One Year after COVID: The Challenges and Outlook of Chinese Micro and Small Enterprises

Tao Kong
Xiaohan Yang
Ranran Wang
Zijun Cheng
Changyu Ren
Shuo Liu
Zhenhua Li
Fang Wang
Xiaoyin Ma
Junxing Gu
August 11, 2021

The Center for Enterprise Research and the Institute of Social Science Survey at Peking University, in collaboration with Ant Group Research Institute, conducted a new wave of Online Survey of Micro- and Small-Enterprises (OSOME) in March 2021. OSOME is a continuing effort to gain a better understanding of China’s micro- and small- enterprises and self-employed businesses (MSEs) by conducting quarterly surveys on MSEs operating on the Alipay platform. The key findings of the first quarter 2021 survey are as follows:

  1. After exposure to the COVID-19 pandemic for over a year, the operational status of micro-and-small enterprises has significantly improved. However, they still face serious cash flow constraints.

  2. Cost increases, in some cases due to a price spike in raw materials, and weak demand remain two key challenges facing micro-and-small enterprises and self-employed businesses. In the residential sector, lack of demand is a general concern.

  3. Compared with other forms of policy support, tax reduction is the most inclusive. The share of businesses that have received online loans has increased, while the average interest rate has slightly declined.

  4. In general, respondents characterized the travel restrictions during Chinese New Year (February 2021) as harmful. In particular, businesses in the residential service sector and those located in smaller cities and rural areas seem to have been more negatively impacted.

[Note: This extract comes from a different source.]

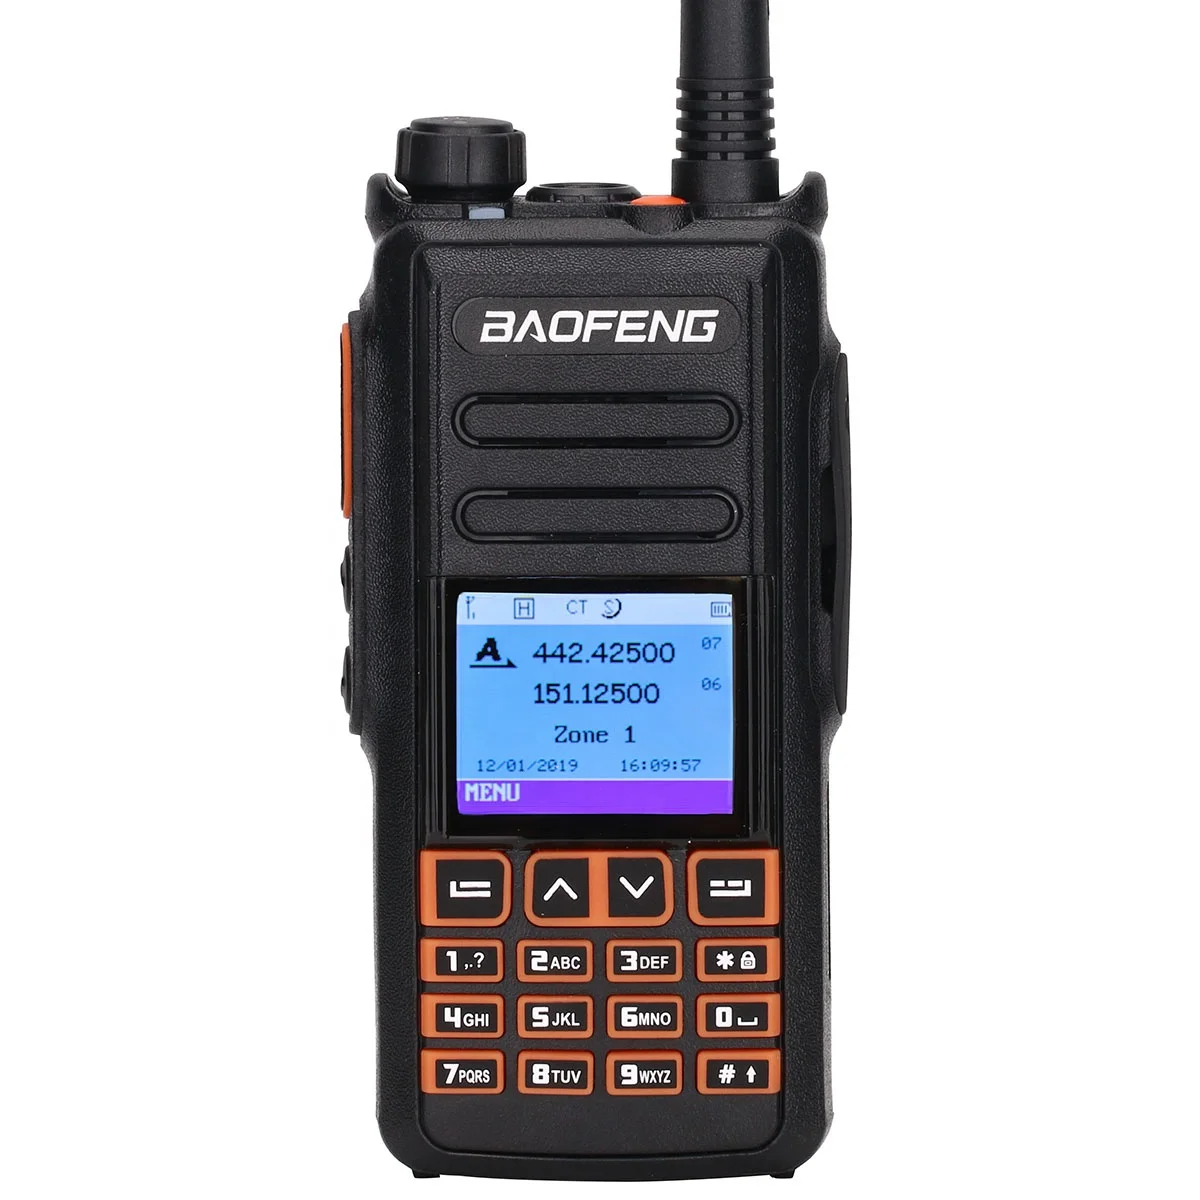 

Baofeng DM-X GPS Record Tier 1&2 tier II Dual Time Slot DMR Digital/Analog Walkie Talkie Portable Radio Upgrade of DM-1702

  5. In response to the COVID-19 shock, a higher percentage of newly established businesses adopted online sales and electronic information systems than those established earlier.

  6. The confidence indices on market demand, production, and revenues for the next quarter have returned to positive territory, indicating an optimistic outlook. The employment index remained just below the normal level, suggesting subdued expectations of expanded employment in the next quarter.